My mother came in through those doors to go to confession. There she experienced the little miracle that is confession, and the great miracle that is God’s mercy. She came through those doors as a young woman, again dressed in white, to receive the sacrament of holy matrimony with my father. In that ceremony, they were told that the two persons must become one flesh, and never have those words been so faithfully expressed to our very eyes as in my parents’ marriage. My mother came through those doors to bury her father and her mother and her brother, each time celebrating the Mass of Christian Burial that we celebrate today. It is an odd word, a jarring word, to “celebrate” a funeral, not to be confused with the modern innovation of avoiding the word “funeral” altogether by calling these ceremonies a celebration of my mother’s life. That phrase contains too much in the way of denial, and a certain brutality even, for the wound of her loss is too fresh to focus only on the full life she lived. Today, all this week, all this month, for a very long time, our sense of loss will trump our sense of gratitude until God’s grace heals that wound. No, when we celebrate a Mass of Christian burial we look not only to the life she lived but also to the life to come. If there is no life to come, then the memories of my mother are not consoling but confounding, not healing but hurtful. If there is no life to come, her life, and our lives, would be seen to be, in the end, lives devoid of that ultimate meaning without which all of our concern for human dignity is a fantasy. As is so often the case, the Church’s wisdom is greater than our own at such a moment. The Church does not ask us to avert our gaze from human suffering, but to see the saving, redemptive face of God in that suffering and just so, the Church can proclaim in this Mass that no child of God so filled with love and good works can simply cease to exist.

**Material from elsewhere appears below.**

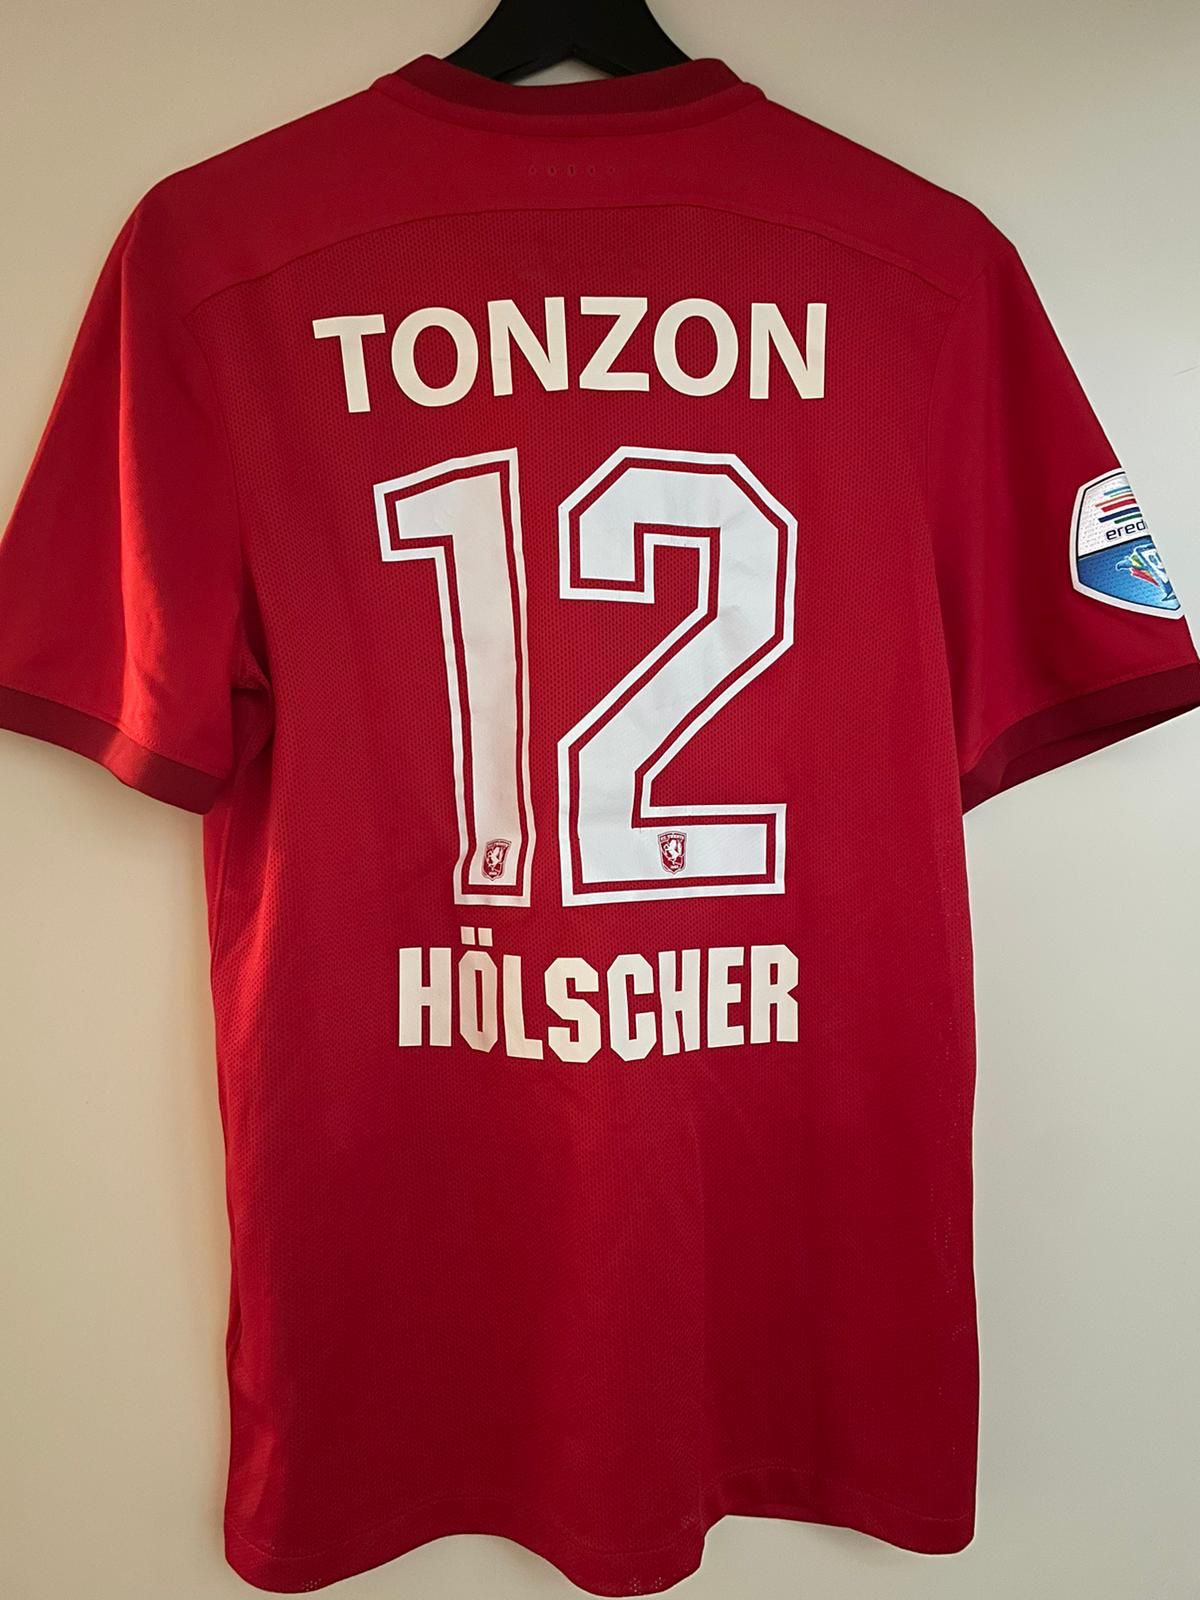 Twente: Tim Hölscher

In the hospital and at St. Joseph's Living Center, my Dad would lean over and whisper to my Mom, “I want you to come home, to sleep in the bed with me and Bernie.” Bernie is one of my dogs, and he took an especial sense of manly pride in protecting my Mom by sleeping in the bed with her, often forcing my dad into the most uncomfortable positions. My Dad’s wish was granted, though not in the way he intended. She has come home. Not to Old Route Six, but to her true home, the home prepared for her before the foundation of the world. A home without Parkinson’s. A home without painful loss and the abysmal loneliness of death. A home with no more sorrow and weeping. A home where my father is always leaning over the love of his life and stealing a kiss. That is why we say that we celebrate this Mass of Christian burial.

My mother has no more need of the sacraments. Now, she has only to steal away to Jesus. When we would walk the beach at Luquillo in Puerto Rico, which is one of the most beautiful places on earth, my mother would say that it was as close to heaven as she was ever going to get. Mom, I think you were wrong about that, and I suspect that right now, you are realizing that great, happy fact. The trumpet shall sound. The dead shall be raised.

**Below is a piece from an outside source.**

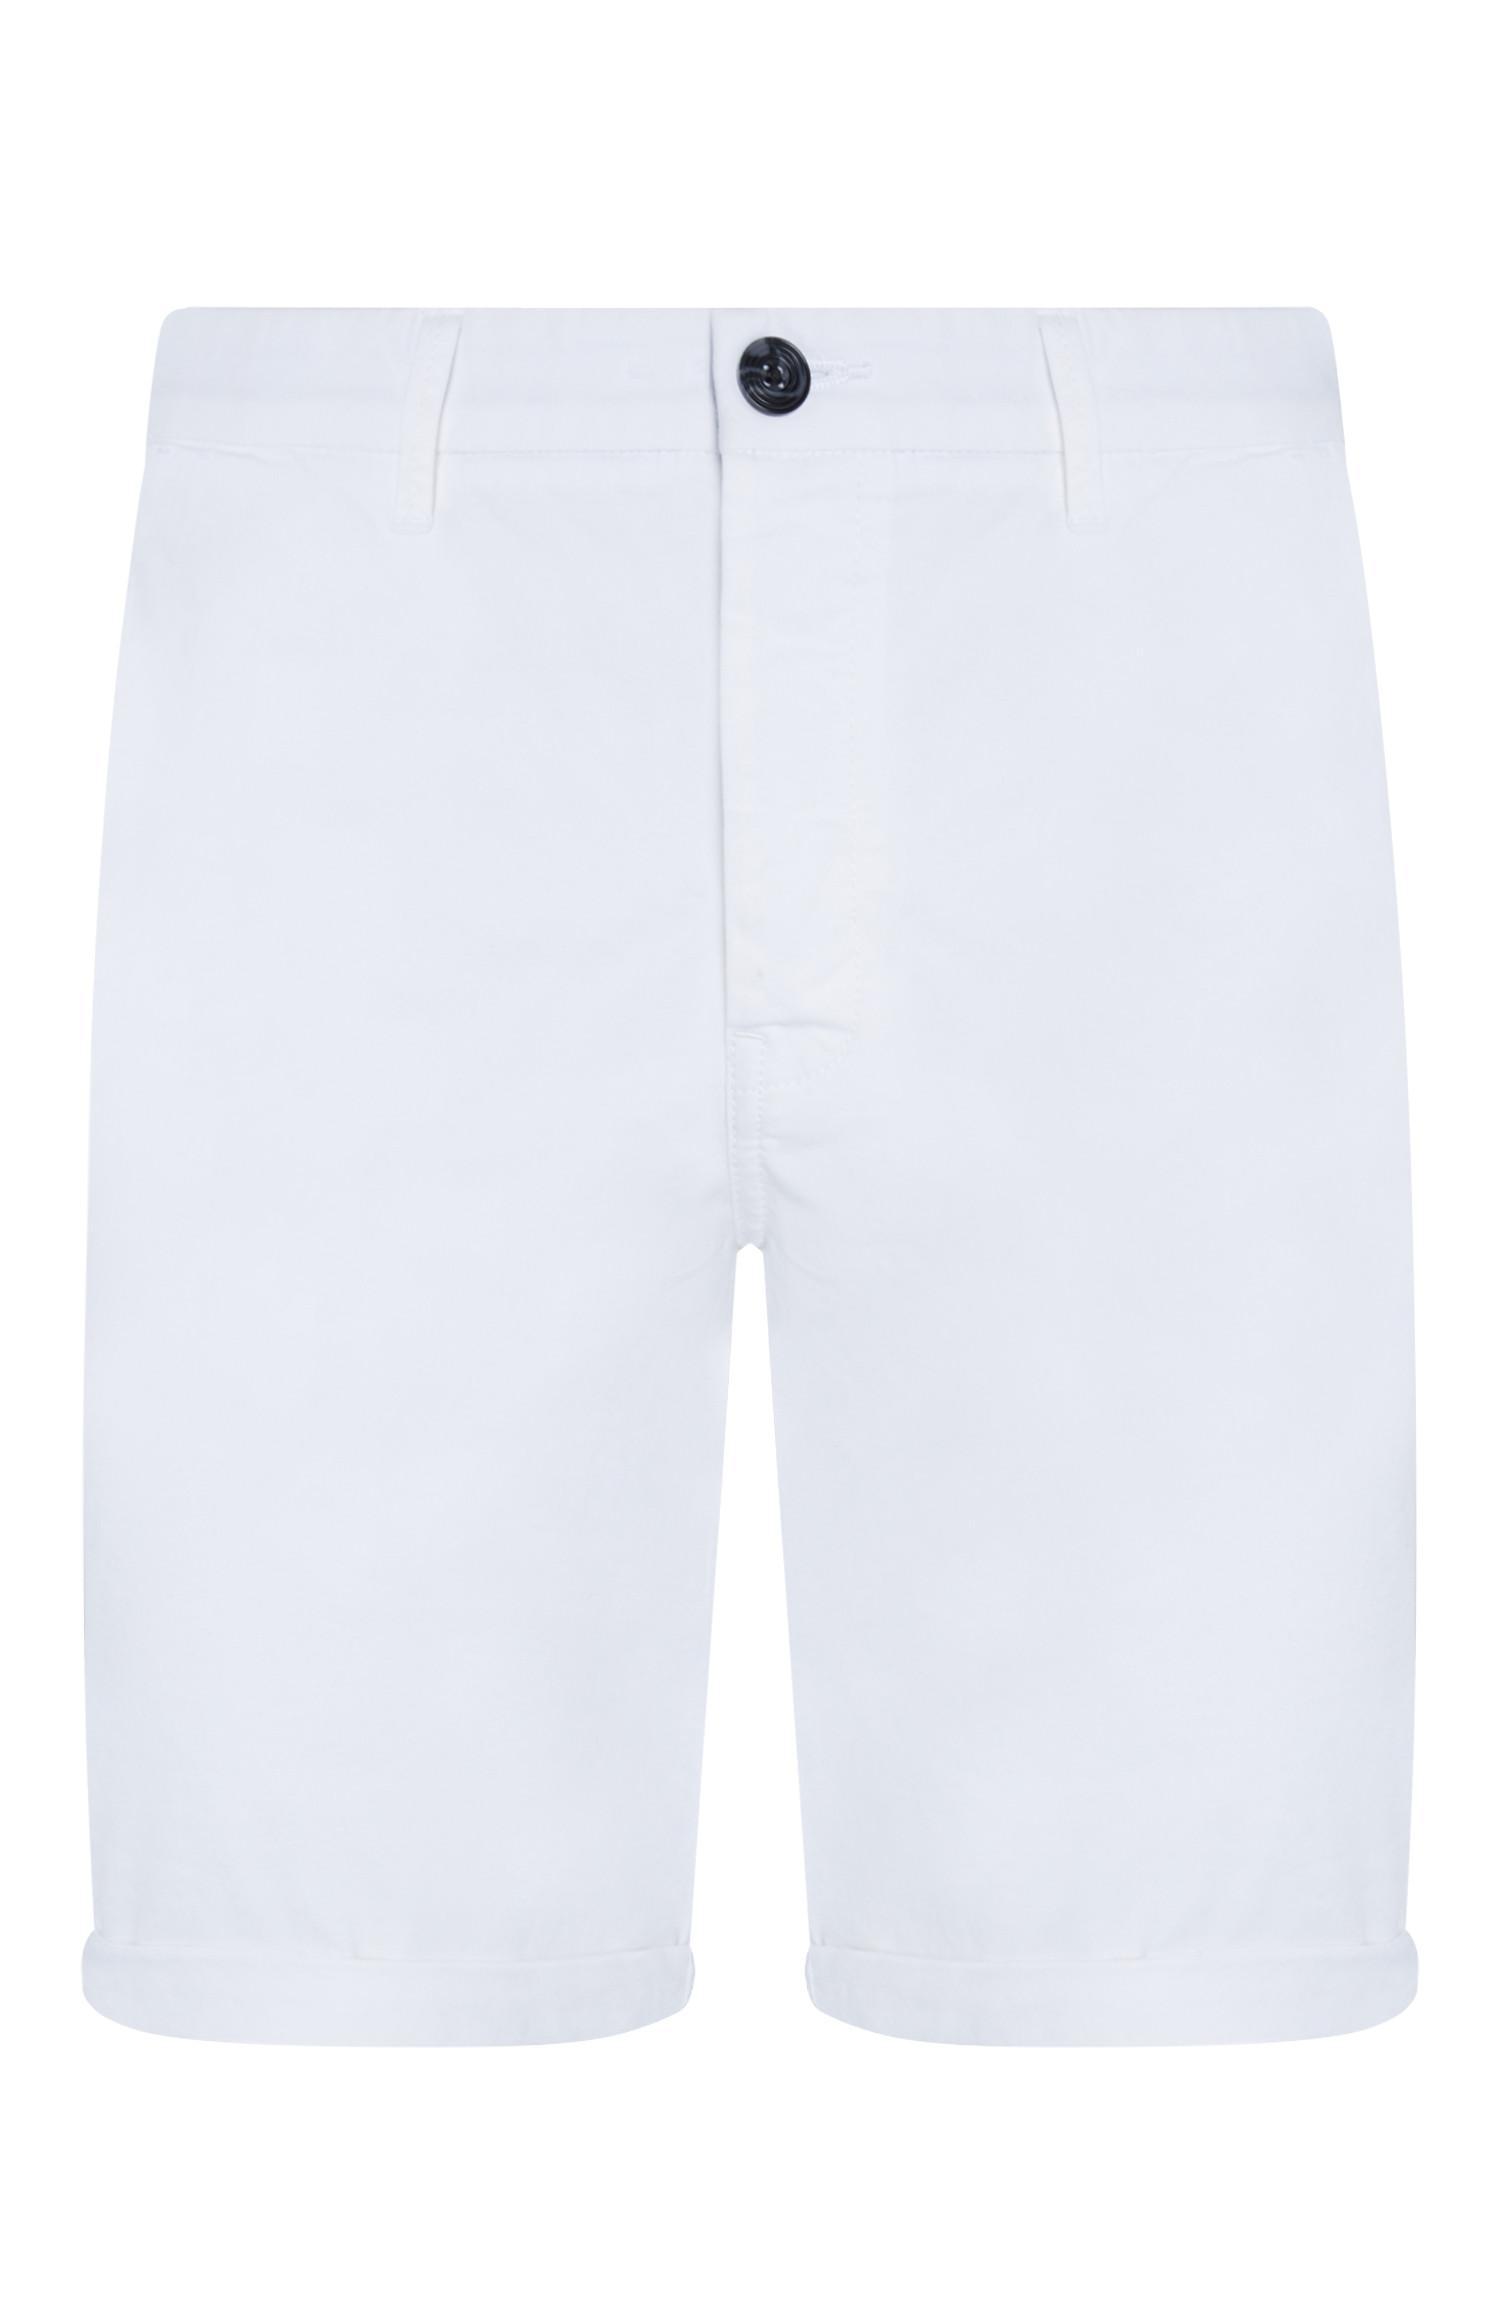 white chino shorts mens uk

In the Gospels, we read that from the Cross, the Master looked at his Mother and at the disciple whom he loved and said, “Woman, behold your son. Son, behold your mother.” Today, we gather under that same cross and Jesus speaks the same words to us. And so, it is only natural, or better to say supernatural, that we also turn our eyes to Mary, the Mother of God. I would like to conclude my remarks with a prayer. It is a prayer my mother taught me when I was very young. It is a prayer that I prayed with her at her bedside each day and on the day she died. It seems altogether fitting that we should begin this Mass by commending my mother’s soul, and our grief, to the protection and care of our eternal Mother, and I invite you all to join me in praying:
Hail Mary, full of grace, the Lord is with thee. Blessed art thou amongst women and blessed is the fruit of thy womb Jesus. Holy Mary, Mother of God, pray for us sinners, now and at the hour of our death, Amen.